What if J. Edgar Hoover had become the baseball commissioner?

According to a note that I read over the weekend, FBI director J. Edgar Hoover declined an offer to become Major League Baseball commissioner in 1951.

He would have replaced Happy Chandler, a man who supported Jackie Robinson crossing the color line, took a tough stand against players who became free agents, and signed with a new pro league in Mexico.

The Hoover note left me with a couple of questions:

First, who would have succeeded him?  Better said, who could have replaced him?  After all, Director Hoover was there from 1924 until his death in 1972.

Second, what kind of commissioner would he have been?

We obviously don't know, but there is lots of room to speculate and fantasize about both answers.

As for his successor, the appointment would have been made by President Harry Truman, a close friend, according to notes in the Truman Library.
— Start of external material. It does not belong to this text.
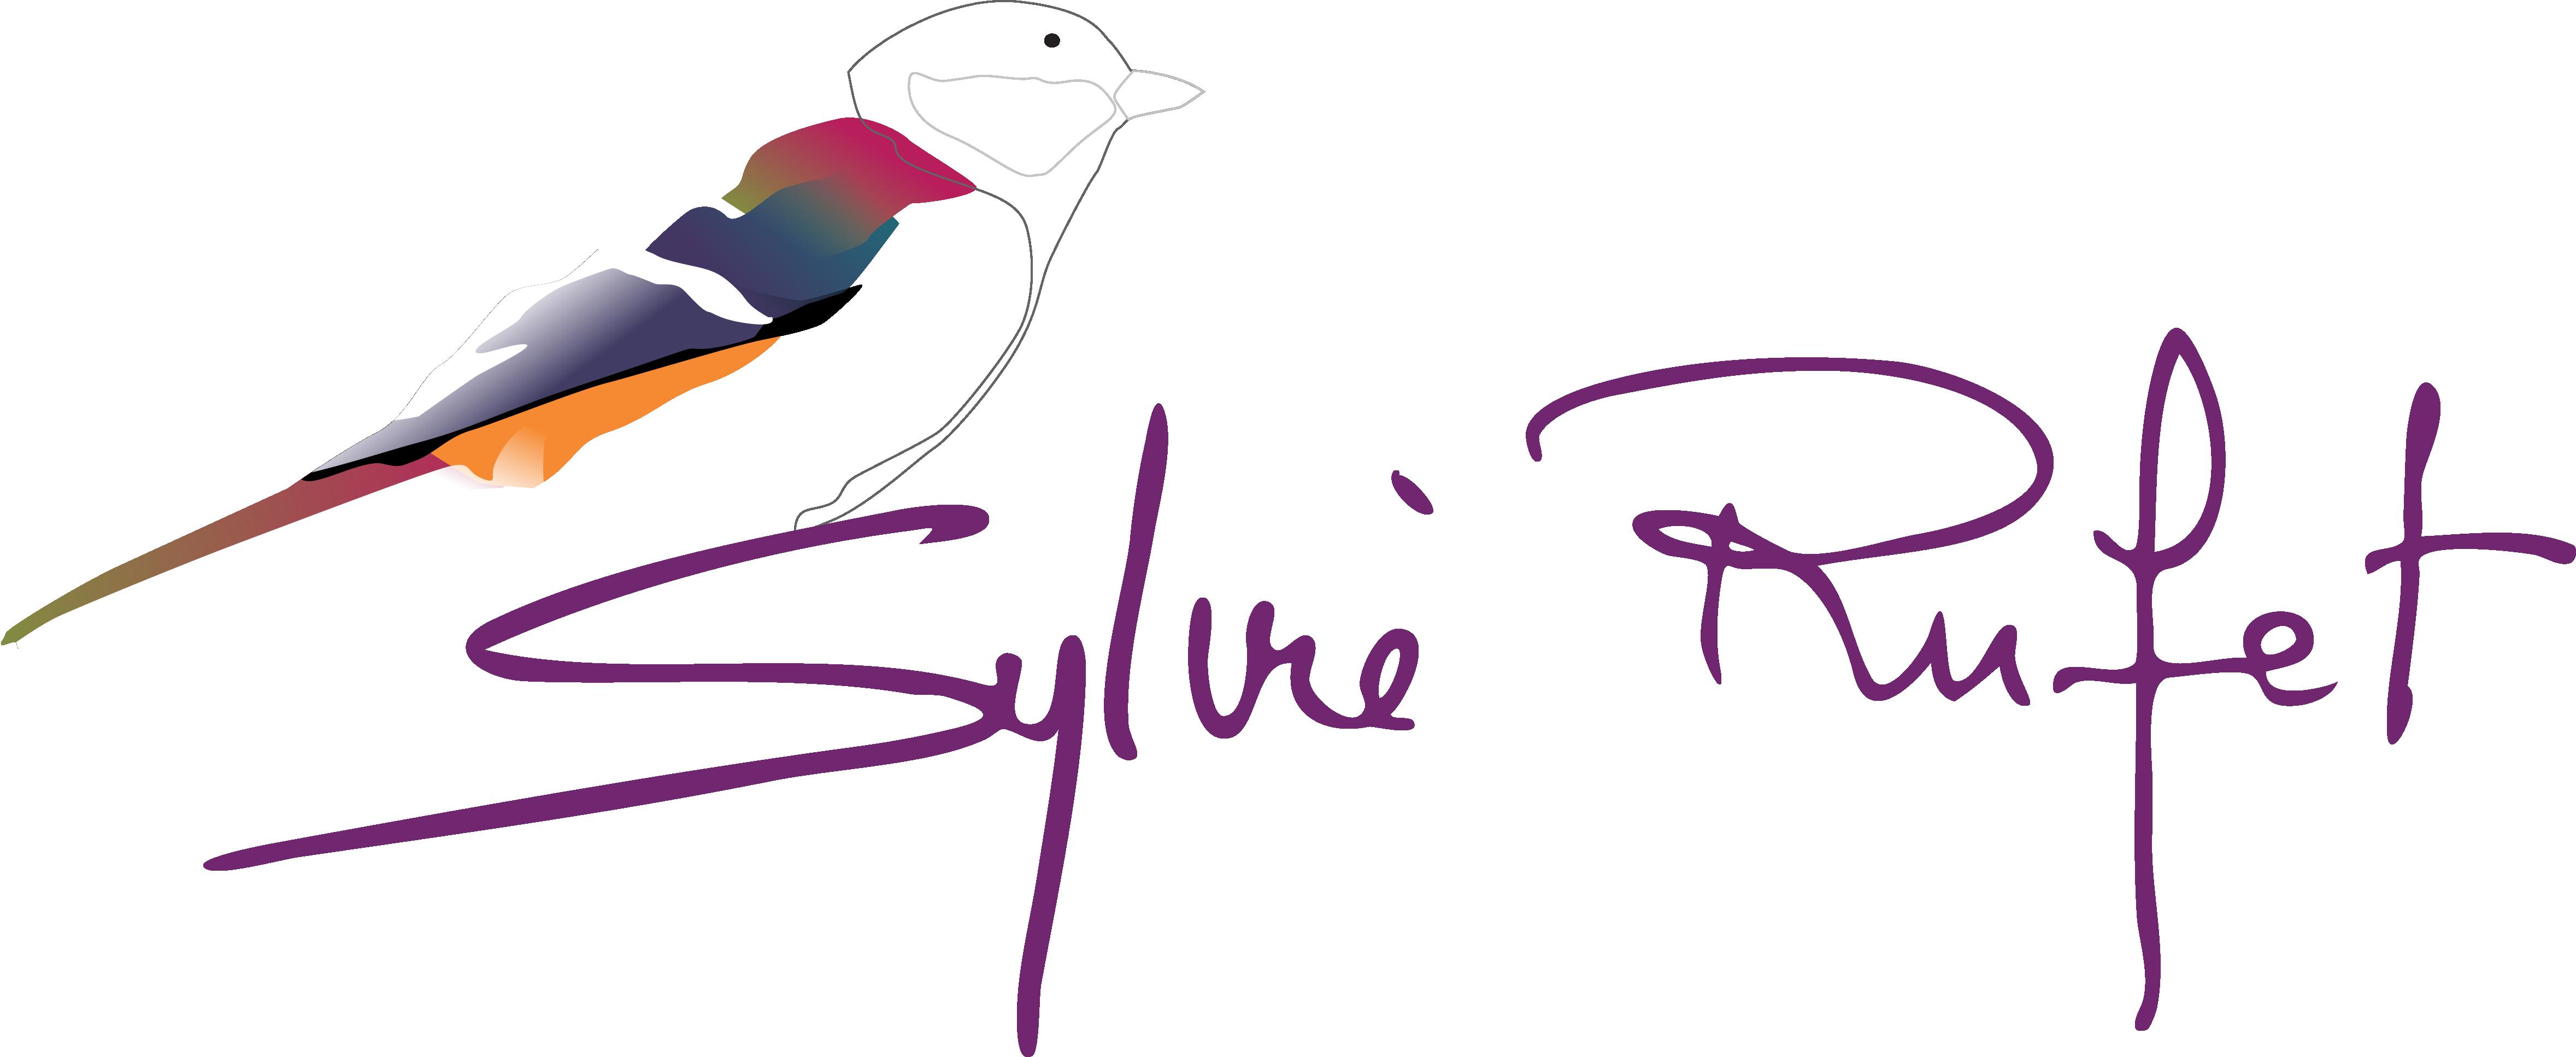 Oiseau stylisé Logo Sylvie Rufet

The new candidate would have been confirmed by a conservative U.S. Senate at the time.  I wonder if politicians would have used the confirmation process to unload about Mr. Hoover's ways and whether the new director would have been forced to stop all the surveillance.  Hoover had files on many Americans he considered subversive.

Over on the baseball diamond, Hoover would have joined the business of baseball in the decade that saw several franchises pack up and leave for greener pastures in Milwaukee (Braves), Kansas City (A's), San Francisco (Giants), and Los Angeles (Dodgers).

Would a Commissioner Hoover have challenged the owners to expand the post-season, adding what we now call the League Championship Series before the World Series to take advantage of TV money?  Baseball was the last sport to have several teams in the postseason.

Of course, we will never know.  My guess is that Director Hoover made the right call.  I just don't think being MLB commissioner would have equated with the awesome power he had in the FBI.